:: Exercise brief ::
Instruction for the entries that follow: retype exactly the lines from the line with "A fish monger" to the line with "Baby Moo 3D", both included, and omit all others.

:: Records supplied ::
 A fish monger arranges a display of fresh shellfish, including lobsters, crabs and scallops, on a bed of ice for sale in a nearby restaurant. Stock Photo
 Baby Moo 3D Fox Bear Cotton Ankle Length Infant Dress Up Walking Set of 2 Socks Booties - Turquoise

* * *

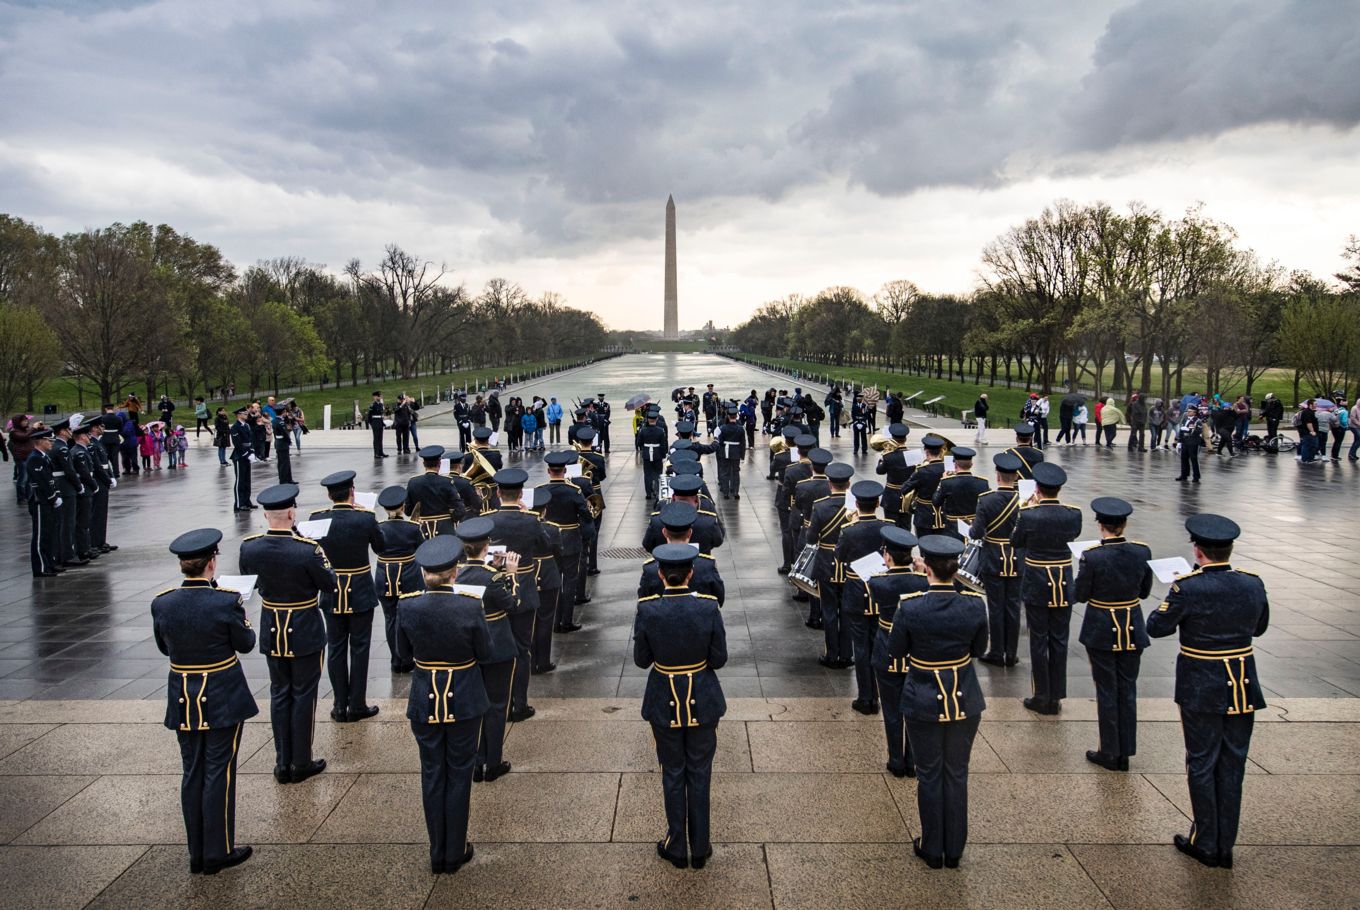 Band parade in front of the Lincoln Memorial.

...

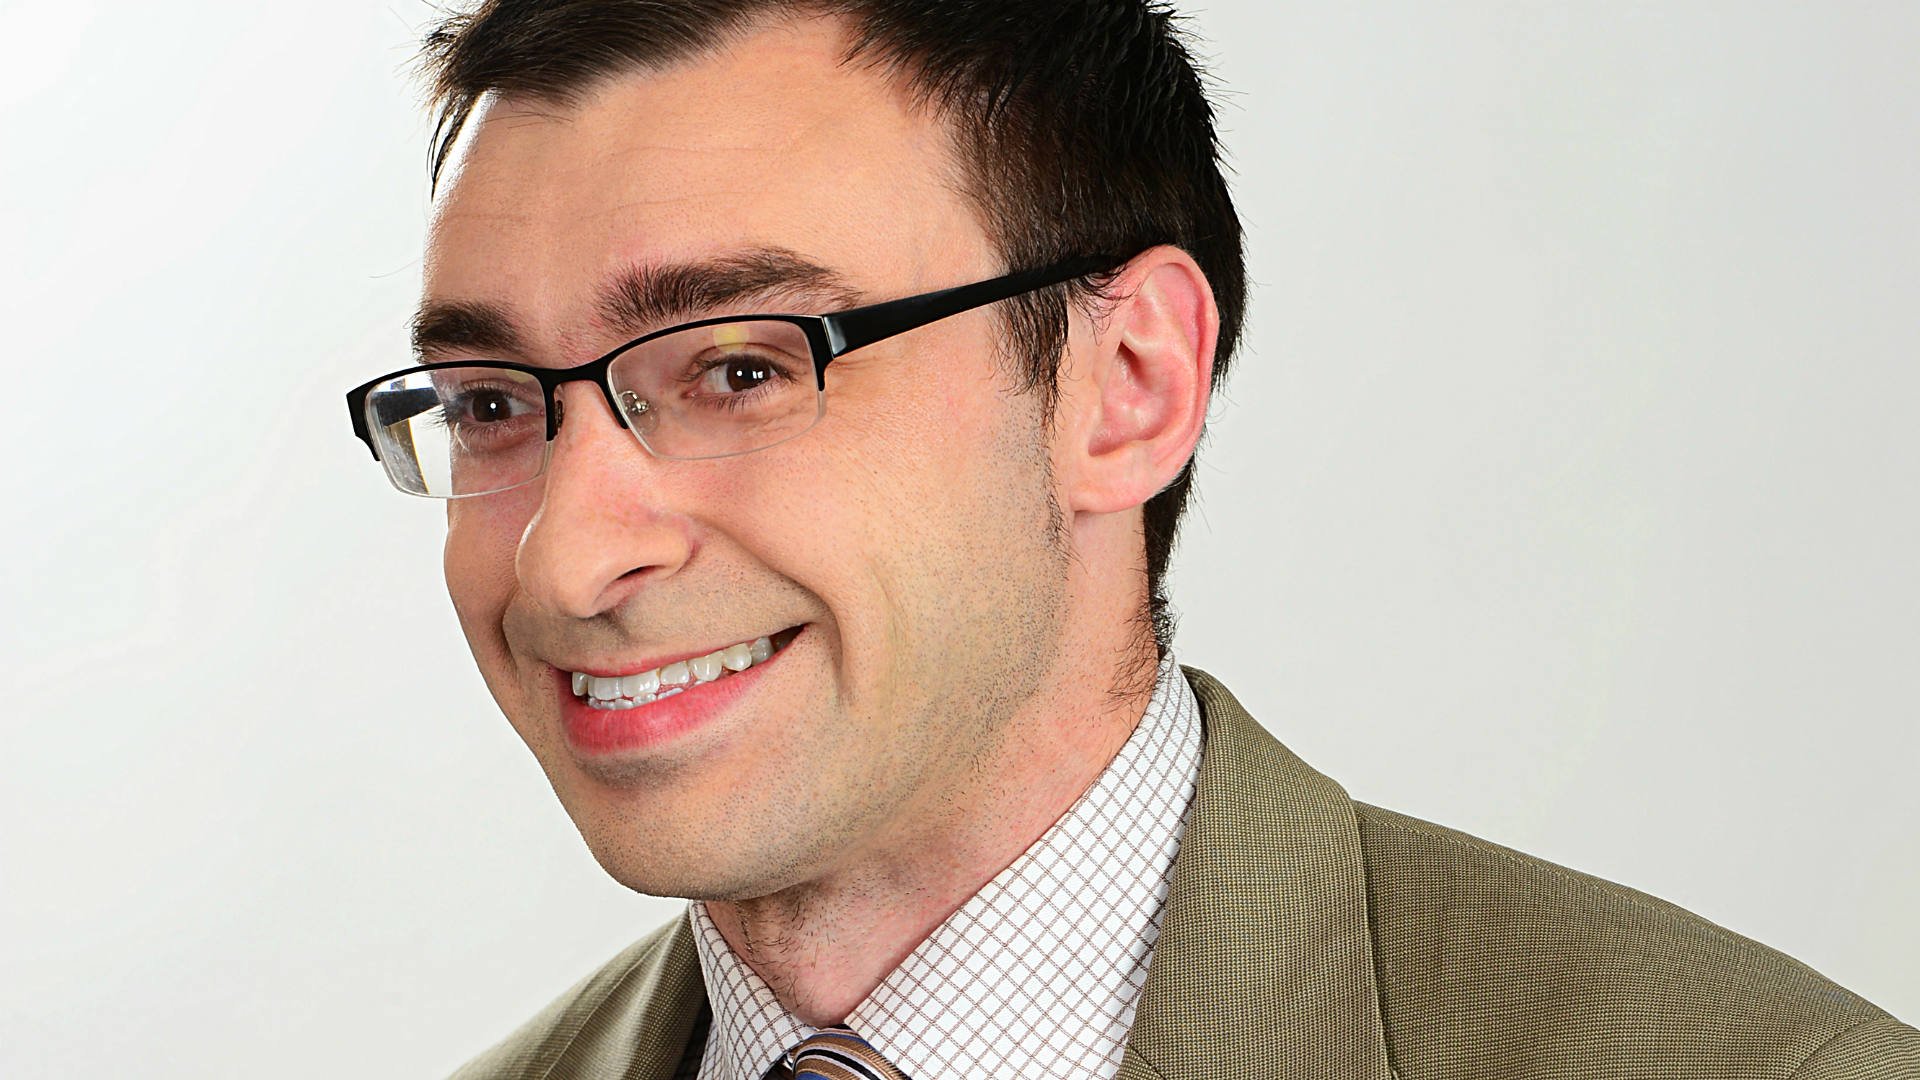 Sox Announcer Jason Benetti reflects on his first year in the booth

:: Reply ::
 A fish monger arranges a display of fresh shellfish, including lobsters, crabs and scallops, on a bed of ice for sale in a nearby restaurant. Stock Photo
 Baby Moo 3D Fox Bear Cotton Ankle Length Infant Dress Up Walking Set of 2 Socks Booties - Turquoise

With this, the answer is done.